In particular, the bank posted only a small drop in fixed income trading revenues, dropping 4% year-on-year to $US1.24 billion. Given a sharp decline in fixed income revenues at rival Goldman Sachs, where revenues fell 40% to $US1.16 billion, the results mean that Morgan Stanley bested Goldman Sachs in fixed income for the second quarter in a row.
The bank has delivered $US2.95 billion in first half fixed income revenues, up 36% from the same period a year earlier. In contrast, Goldman Sachs delivered $US2.8 billion in FICC revenue in the first half, down 19% from the same period last year.
In equities sales and trading meanwhile, Morgan Stanley’s $US2.2 billion topped Goldman Sach’s $US1.9 billion in revenues, extending a run that goes back to early 2015. And in equity underwriting, Morgan Stanley’s $US405 million in fees topped Goldman Sachs’ $US260 million.

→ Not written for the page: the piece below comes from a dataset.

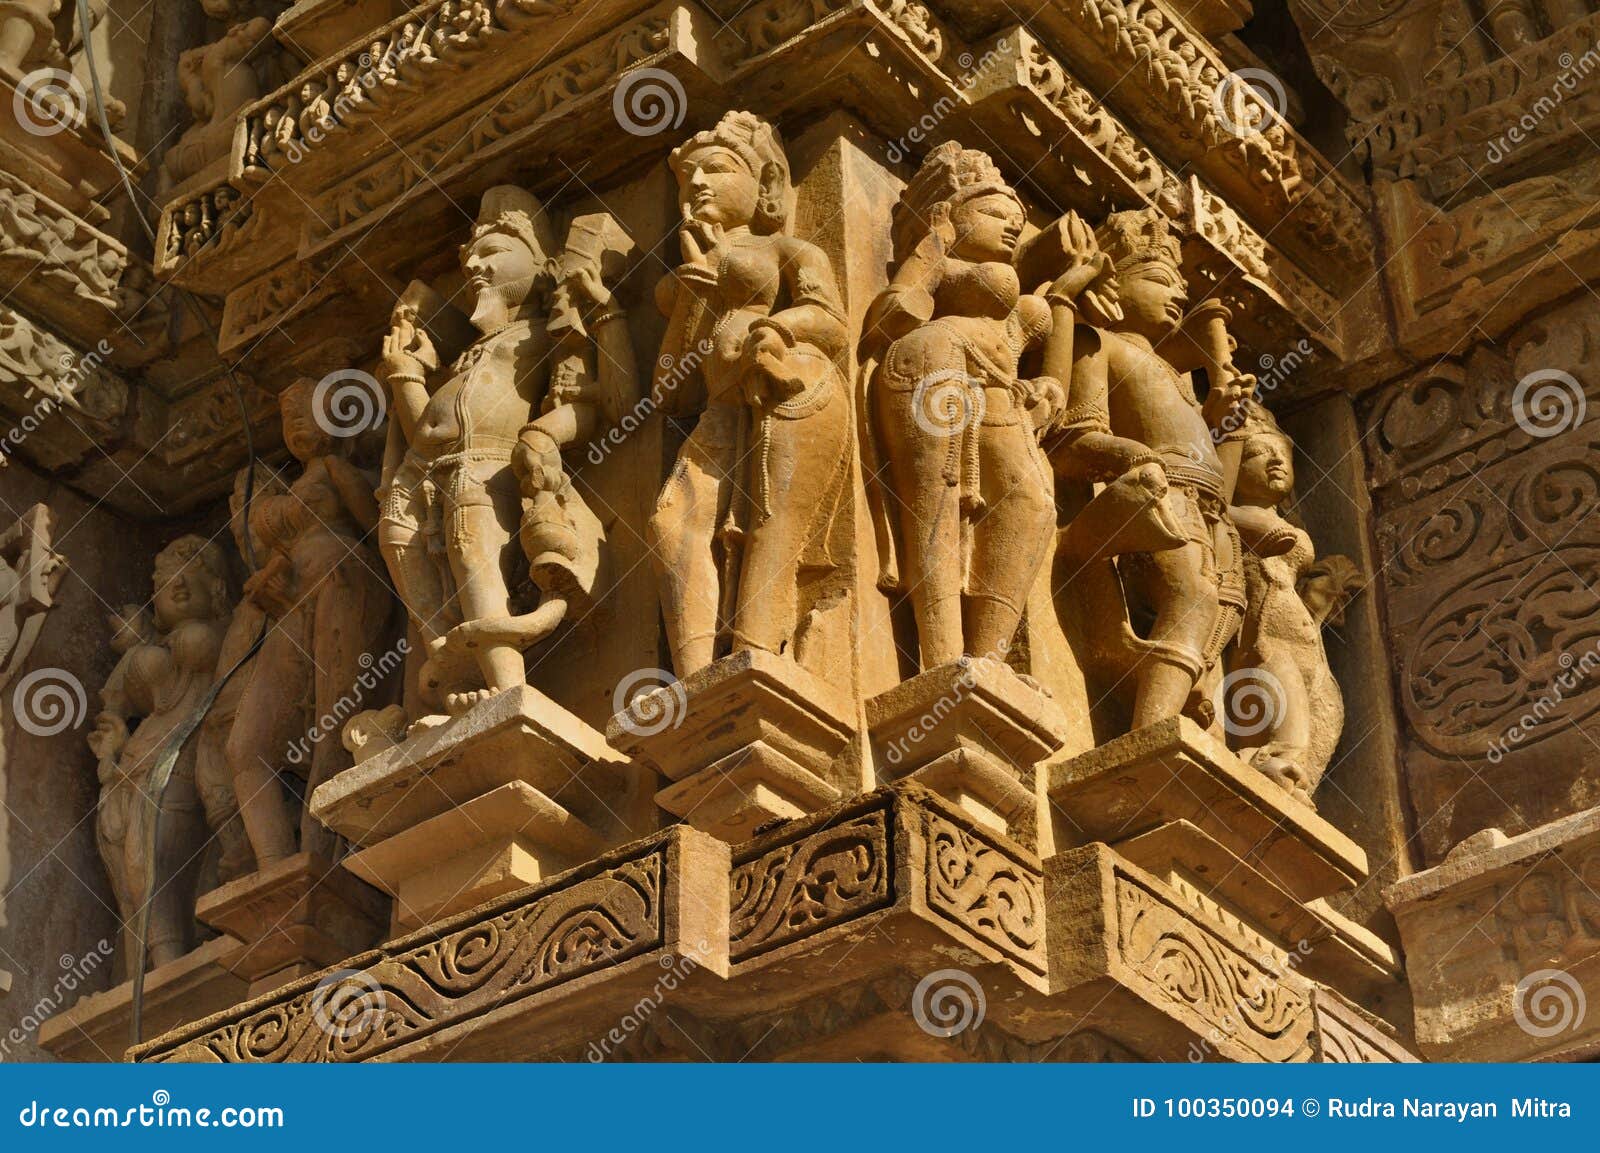 erotic human sculptures at vishvanatha temple, western temples o

To be sure, Morgan Stanley’s FICC business is small in comparison to the giant units housed at money center banks like Citigroup, JPMorgan and Bank of America Merrill Lynch. Still, the 4% year-on-year decline also compares well against those banks. Here’s a breakdown:
- JPMorgan FICC revenue — $US3.2 billion — down 19% year-on-year
- Citigroup FICC revenue — $US3.4 billion — down 6% year-on-year
- Bank of America Merrill Lynch FICC revenue — $US2.1 billion — down 14%
Still, the comparison with Goldman Sachs is striking, and encapsulates two very different trends.
The business is proving a challenge for Goldman Sachs. On a call with analysts after Goldman Sachs’ earnings, CFO Marty Chavez said rates revenue was down significantly, while the commodities business had its worst quarter on record. “It was a difficult quarter on all fronts,” Chavez said.
“We didn’t navigate the market as well as we aspire to or as well as we have in the past,” he added.
Morgan Stanley in contrast slashed the size of its fixed-income unit in late 2015, and has delivered improved revenues with lower costs since then. The second quarter performance in fixed income garnered praise from analysts on the bank’s earnings call.
“Morgan Stanley appears to be on a much stronger footing,” Octavio Marenzi, CEO of capital markets management consultancy Opimas, said.